**DESCRIPTION OF THE TASK:** Retyping each entry exactly is the whole task.

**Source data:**

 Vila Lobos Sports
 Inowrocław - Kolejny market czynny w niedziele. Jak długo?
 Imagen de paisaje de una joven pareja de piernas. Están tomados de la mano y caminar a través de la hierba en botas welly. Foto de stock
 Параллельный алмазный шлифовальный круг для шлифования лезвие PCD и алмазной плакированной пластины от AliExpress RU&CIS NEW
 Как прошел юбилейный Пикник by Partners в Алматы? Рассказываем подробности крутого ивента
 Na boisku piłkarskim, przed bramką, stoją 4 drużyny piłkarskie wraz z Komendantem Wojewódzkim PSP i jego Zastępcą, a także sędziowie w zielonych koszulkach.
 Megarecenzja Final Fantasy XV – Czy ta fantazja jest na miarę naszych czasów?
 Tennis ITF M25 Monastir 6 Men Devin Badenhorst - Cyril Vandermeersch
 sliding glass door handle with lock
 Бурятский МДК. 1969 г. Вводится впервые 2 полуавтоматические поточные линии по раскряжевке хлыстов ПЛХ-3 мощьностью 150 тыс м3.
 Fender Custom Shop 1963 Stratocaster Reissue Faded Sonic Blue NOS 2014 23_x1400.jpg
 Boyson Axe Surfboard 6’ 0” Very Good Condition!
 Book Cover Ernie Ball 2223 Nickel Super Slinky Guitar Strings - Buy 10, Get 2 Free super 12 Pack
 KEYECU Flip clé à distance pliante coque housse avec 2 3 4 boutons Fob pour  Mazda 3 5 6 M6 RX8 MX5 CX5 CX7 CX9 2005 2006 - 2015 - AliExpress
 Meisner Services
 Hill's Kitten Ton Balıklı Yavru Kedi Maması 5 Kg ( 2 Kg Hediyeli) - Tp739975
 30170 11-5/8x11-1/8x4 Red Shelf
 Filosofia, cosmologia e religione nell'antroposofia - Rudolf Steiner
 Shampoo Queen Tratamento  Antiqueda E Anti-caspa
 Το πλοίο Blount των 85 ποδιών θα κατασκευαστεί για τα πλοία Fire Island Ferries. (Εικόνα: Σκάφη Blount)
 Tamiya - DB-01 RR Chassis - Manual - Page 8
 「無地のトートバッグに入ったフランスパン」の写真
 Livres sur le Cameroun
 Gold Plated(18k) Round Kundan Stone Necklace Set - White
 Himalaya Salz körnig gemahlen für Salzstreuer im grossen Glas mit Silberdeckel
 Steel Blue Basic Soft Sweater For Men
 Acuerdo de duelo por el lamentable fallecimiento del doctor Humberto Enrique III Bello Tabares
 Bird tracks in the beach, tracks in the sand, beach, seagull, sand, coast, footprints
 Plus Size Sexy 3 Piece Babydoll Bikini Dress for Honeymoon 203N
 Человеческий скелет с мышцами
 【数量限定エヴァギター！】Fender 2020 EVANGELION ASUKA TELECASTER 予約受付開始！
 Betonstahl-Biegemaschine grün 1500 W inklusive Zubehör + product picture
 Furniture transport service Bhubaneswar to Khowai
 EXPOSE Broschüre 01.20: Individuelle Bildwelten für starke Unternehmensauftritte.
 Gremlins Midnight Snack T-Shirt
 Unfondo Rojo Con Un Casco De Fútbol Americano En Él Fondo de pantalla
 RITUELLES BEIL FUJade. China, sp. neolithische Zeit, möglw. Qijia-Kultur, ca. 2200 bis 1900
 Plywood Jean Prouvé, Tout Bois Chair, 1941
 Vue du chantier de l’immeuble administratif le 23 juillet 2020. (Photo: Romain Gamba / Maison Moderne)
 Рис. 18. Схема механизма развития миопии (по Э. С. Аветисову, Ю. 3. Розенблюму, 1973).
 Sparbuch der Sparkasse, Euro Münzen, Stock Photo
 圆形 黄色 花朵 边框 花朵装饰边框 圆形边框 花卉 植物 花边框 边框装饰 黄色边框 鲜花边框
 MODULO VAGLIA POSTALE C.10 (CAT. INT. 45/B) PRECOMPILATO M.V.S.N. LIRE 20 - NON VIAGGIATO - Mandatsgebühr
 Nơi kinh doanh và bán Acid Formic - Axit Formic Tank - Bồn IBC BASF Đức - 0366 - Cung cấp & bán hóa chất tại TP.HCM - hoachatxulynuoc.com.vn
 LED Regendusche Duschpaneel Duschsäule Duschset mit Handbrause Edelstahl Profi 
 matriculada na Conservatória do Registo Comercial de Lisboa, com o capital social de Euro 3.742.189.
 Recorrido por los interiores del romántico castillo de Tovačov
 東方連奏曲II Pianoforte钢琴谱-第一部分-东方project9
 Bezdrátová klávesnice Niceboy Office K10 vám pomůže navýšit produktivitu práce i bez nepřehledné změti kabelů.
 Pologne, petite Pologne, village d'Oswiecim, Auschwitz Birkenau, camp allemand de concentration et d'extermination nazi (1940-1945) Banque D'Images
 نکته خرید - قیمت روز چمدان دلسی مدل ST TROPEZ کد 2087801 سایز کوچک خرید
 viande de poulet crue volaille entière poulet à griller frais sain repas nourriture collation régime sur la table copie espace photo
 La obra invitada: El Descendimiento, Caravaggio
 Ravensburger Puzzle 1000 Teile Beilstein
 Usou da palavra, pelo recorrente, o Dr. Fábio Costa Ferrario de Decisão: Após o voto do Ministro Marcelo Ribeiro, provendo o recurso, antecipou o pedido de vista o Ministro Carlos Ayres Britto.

**WRITTEN RESPONSE:**
 Vila Lobos Sports
 Inowrocław - Kolejny market czynny w niedziele. Jak długo?
 Imagen de paisaje de una joven pareja de piernas. Están tomados de la mano y caminar a través de la hierba en botas welly. Foto de stock
 Параллельный алмазный шлифовальный круг для шлифования лезвие PCD и алмазной плакированной пластины от AliExpress RU&CIS NEW
 Как прошел юбилейный Пикник by Partners в Алматы? Рассказываем подробности крутого ивента
 Na boisku piłkarskim, przed bramką, stoją 4 drużyny piłkarskie wraz z Komendantem Wojewódzkim PSP i jego Zastępcą, a także sędziowie w zielonych koszulkach.
 Megarecenzja Final Fantasy XV – Czy ta fantazja jest na miarę naszych czasów?
 Tennis ITF M25 Monastir 6 Men Devin Badenhorst - Cyril Vandermeersch
 sliding glass door handle with lock
 Бурятский МДК. 1969 г. Вводится впервые 2 полуавтоматические поточные линии по раскряжевке хлыстов ПЛХ-3 мощьностью 150 тыс м3.
 Fender Custom Shop 1963 Stratocaster Reissue Faded Sonic Blue NOS 2014 23_x1400.jpg
 Boyson Axe Surfboard 6’ 0” Very Good Condition!
 Book Cover Ernie Ball 2223 Nickel Super Slinky Guitar Strings - Buy 10, Get 2 Free super 12 Pack
 KEYECU Flip clé à distance pliante coque housse avec 2 3 4 boutons Fob pour  Mazda 3 5 6 M6 RX8 MX5 CX5 CX7 CX9 2005 2006 - 2015 - AliExpress
 Meisner Services
 Hill's Kitten Ton Balıklı Yavru Kedi Maması 5 Kg ( 2 Kg Hediyeli) - Tp739975
 30170 11-5/8x11-1/8x4 Red Shelf
 Filosofia, cosmologia e religione nell'antroposofia - Rudolf Steiner
 Shampoo Queen Tratamento  Antiqueda E Anti-caspa
 Το πλοίο Blount των 85 ποδιών θα κατασκευαστεί για τα πλοία Fire Island Ferries. (Εικόνα: Σκάφη Blount)
 Tamiya - DB-01 RR Chassis - Manual - Page 8
 「無地のトートバッグに入ったフランスパン」の写真
 Livres sur le Cameroun
 Gold Plated(18k) Round Kundan Stone Necklace Set - White
 Himalaya Salz körnig gemahlen für Salzstreuer im grossen Glas mit Silberdeckel
 Steel Blue Basic Soft Sweater For Men
 Acuerdo de duelo por el lamentable fallecimiento del doctor Humberto Enrique III Bello Tabares
 Bird tracks in the beach, tracks in the sand, beach, seagull, sand, coast, footprints
 Plus Size Sexy 3 Piece Babydoll Bikini Dress for Honeymoon 203N
 Человеческий скелет с мышцами
 【数量限定エヴァギター！】Fender 2020 EVANGELION ASUKA TELECASTER 予約受付開始！
 Betonstahl-Biegemaschine grün 1500 W inklusive Zubehör + product picture
 Furniture transport service Bhubaneswar to Khowai
 EXPOSE Broschüre 01.20: Individuelle Bildwelten für starke Unternehmensauftritte.
 Gremlins Midnight Snack T-Shirt
 Unfondo Rojo Con Un Casco De Fútbol Americano En Él Fondo de pantalla
 RITUELLES BEIL FUJade. China, sp. neolithische Zeit, möglw. Qijia-Kultur, ca. 2200 bis 1900
 Plywood Jean Prouvé, Tout Bois Chair, 1941
 Vue du chantier de l’immeuble administratif le 23 juillet 2020. (Photo: Romain Gamba / Maison Moderne)
 Рис. 18. Схема механизма развития миопии (по Э. С. Аветисову, Ю. 3. Розенблюму, 1973).
 Sparbuch der Sparkasse, Euro Münzen, Stock Photo
 圆形 黄色 花朵 边框 花朵装饰边框 圆形边框 花卉 植物 花边框 边框装饰 黄色边框 鲜花边框
 MODULO VAGLIA POSTALE C.10 (CAT. INT. 45/B) PRECOMPILATO M.V.S.N. LIRE 20 - NON VIAGGIATO - Mandatsgebühr
 Nơi kinh doanh và bán Acid Formic - Axit Formic Tank - Bồn IBC BASF Đức - 0366 - Cung cấp & bán hóa chất tại TP.HCM - hoachatxulynuoc.com.vn
 LED Regendusche Duschpaneel Duschsäule Duschset mit Handbrause Edelstahl Profi 
 matriculada na Conservatória do Registo Comercial de Lisboa, com o capital social de Euro 3.742.189.
 Recorrido por los interiores del romántico castillo de Tovačov
 東方連奏曲II Pianoforte钢琴谱-第一部分-东方project9
 Bezdrátová klávesnice Niceboy Office K10 vám pomůže navýšit produktivitu práce i bez nepřehledné změti kabelů.
 Pologne, petite Pologne, village d'Oswiecim, Auschwitz Birkenau, camp allemand de concentration et d'extermination nazi (1940-1945) Banque D'Images
 نکته خرید - قیمت روز چمدان دلسی مدل ST TROPEZ کد 2087801 سایز کوچک خرید
 viande de poulet crue volaille entière poulet à griller frais sain repas nourriture collation régime sur la table copie espace photo
 La obra invitada: El Descendimiento, Caravaggio
 Ravensburger Puzzle 1000 Teile Beilstein
 Usou da palavra, pelo recorrente, o Dr. Fábio Costa Ferrario de Decisão: Após o voto do Ministro Marcelo Ribeiro, provendo o recurso, antecipou o pedido de vista o Ministro Carlos Ayres Britto.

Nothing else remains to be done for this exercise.